5.1 — Power Series Solutions Around Ordinary Points

Finding analytic solutions to differential equations using power series expansions

Learning Objectives
  • Distinguish between ordinary and singular points of a differential equation
  • Represent solutions as power series around an ordinary point
  • Derive and solve recurrence relations for power series coefficients
  • Determine the radius of convergence for power series solutions

Why Power Series?

Many important differential equations arising in physics and engineering have no closed-form solutions using the methods of Chapters 1–4. Power series solutions provide a systematic way to find analytic solutions in the form of infinite series. This approach is particularly valuable for:

Theory

Ordinary vs. Singular Points

Consider the second-order linear differential equation:

$$P(x)y'' + Q(x)y' + R(x)y = 0$$

Divide by $P(x)$ (where $P(x) \neq 0$) to obtain the standard form:

$$y'' + p(x)y' + q(x)y = 0$$

where $p(x) = \frac{Q(x)}{P(x)}$ and $q(x) = \frac{R(x)}{P(x)}$.

Definition: Ordinary and Singular Points

A point $x_0$ is called an ordinary point of the differential equation if both $p(x)$ and $q(x)$ are analytic (have convergent Taylor series) at $x_0$. Otherwise, $x_0$ is a singular point.

Existence of Power Series Solutions

Theorem: Power Series Solution at an Ordinary Point

If $x_0$ is an ordinary point of $y'' + p(x)y' + q(x)y = 0$, then the general solution can be expressed as:

$$y = \sum_{n=0}^{\infty} a_n(x-x_0)^n$$

This series converges at least for $|x - x_0| < R$, where $R$ is the distance from $x_0$ to the nearest singular point.

Power Series Review

Key facts about power series that we'll use:

Recurrence Relations

When we substitute the power series $y = \sum a_n(x-x_0)^n$ into the differential equation, we obtain an identity in powers of $(x-x_0)$. Equating coefficients of like powers yields a recurrence relation — a formula expressing each coefficient in terms of earlier coefficients.
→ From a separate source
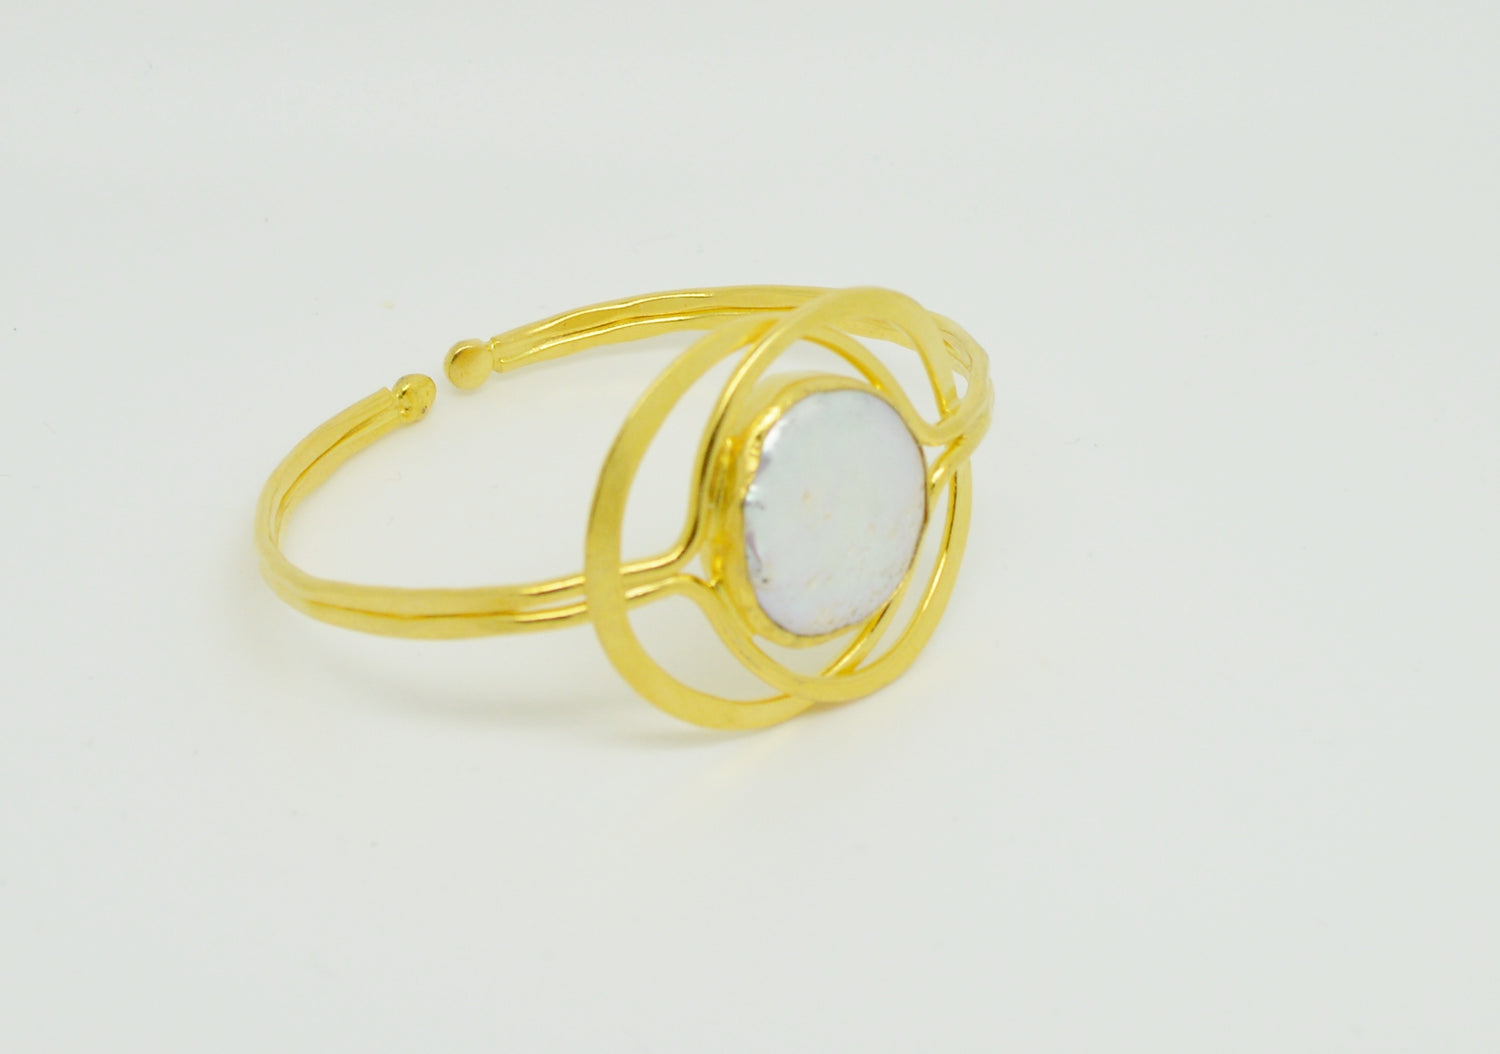 Aylas Pearl cuff/bracelet - Gold plated semi precious gemstone - Handmade in Ottoman Style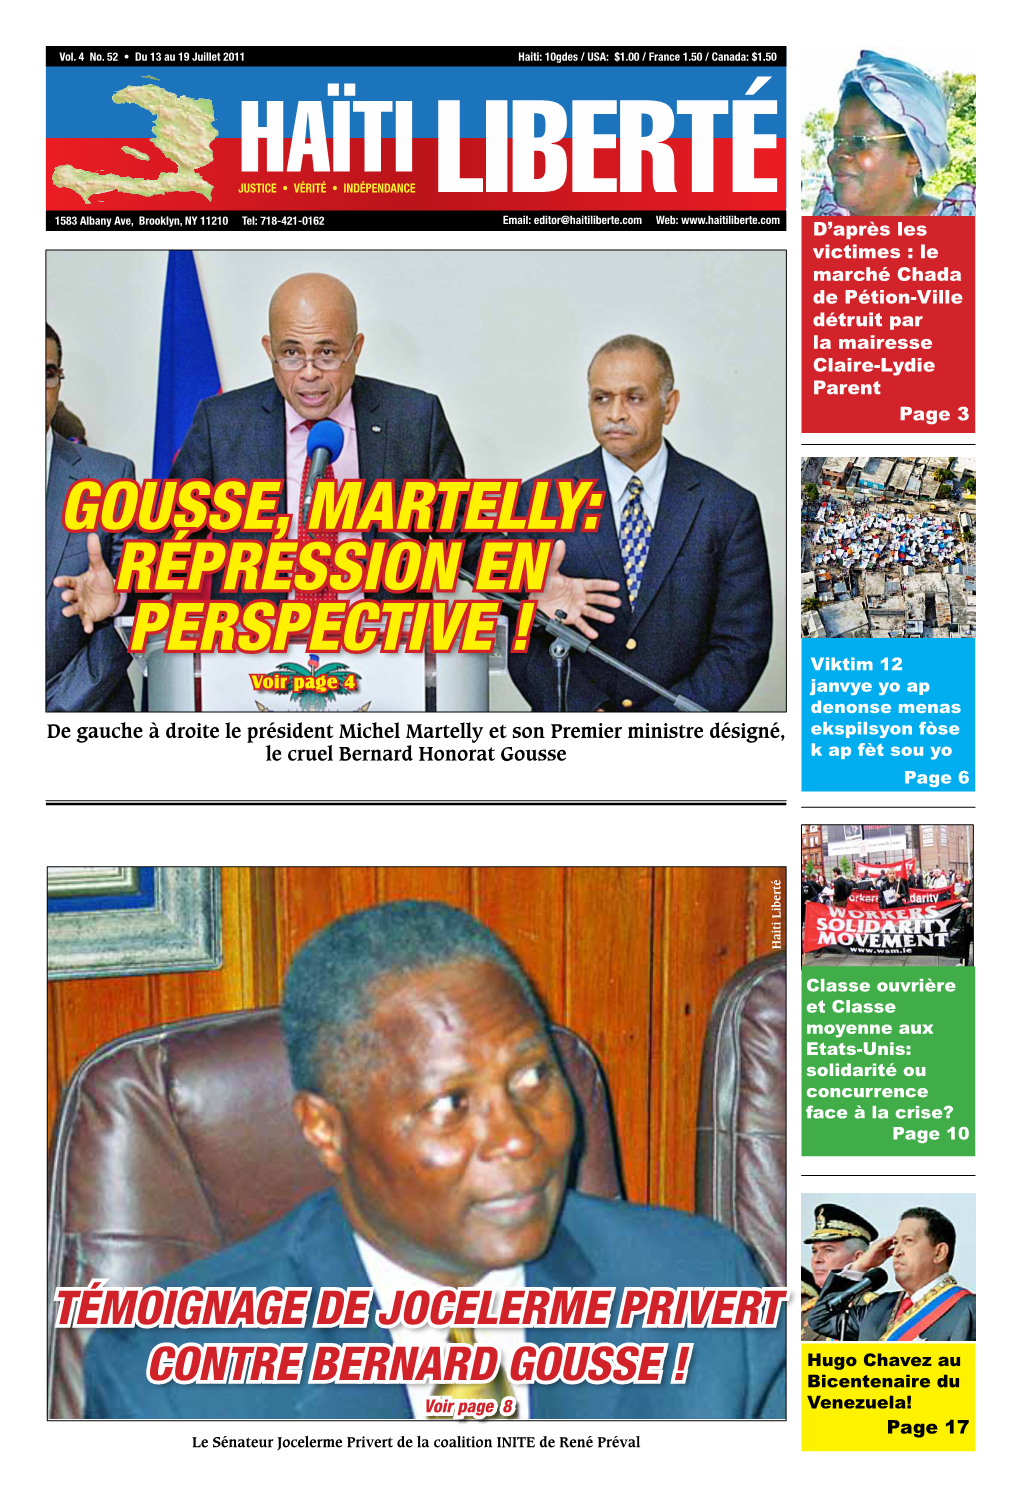 Gousse, Martelly

The first few coefficients $a_0, a_1, \ldots$ are determined by initial or boundary conditions, and the recurrence relation then determines all subsequent coefficients uniquely.

Step-by-Step Method

  1. Verify $x_0$ is ordinary: Check that $p(x)$ and $q(x)$ are analytic at $x_0$.
  2. Assume a power series solution: Let $y = \sum_{n=0}^{\infty} a_n(x-x_0)^n$
  3. Compute derivatives:
    $$y' = \sum_{n=1}^{\infty} n a_n(x-x_0)^{n-1}, \quad y'' = \sum_{n=2}^{\infty} n(n-1)a_n(x-x_0)^{n-2}$$
  4. Substitute into the ODE: Replace $y, y', y''$ in the differential equation.
  5. Align powers of $(x-x_0)$: Shift indices so all sums have the same power $(x-x_0)^n$.
  6. Extract the recurrence relation: Set the coefficient of each power to zero. This gives a formula for $a_n$ in terms of earlier coefficients.
  7. Express general solution: Use initial conditions to determine $a_0$ and $a_1$. The recurrence then generates all other coefficients.
  8. Write the general solution: Combine the two linearly independent solutions (one with arbitrary $a_0, a_1=0$ and one with $a_0=0, a_1$ arbitrary).

Worked Examples

Setup: We solve $y'' - y = 0$ using power series around $x_0 = 0$. (Note: This has the known solution $y = c_1 e^x + c_2 e^{-x}$, so we can verify our result.)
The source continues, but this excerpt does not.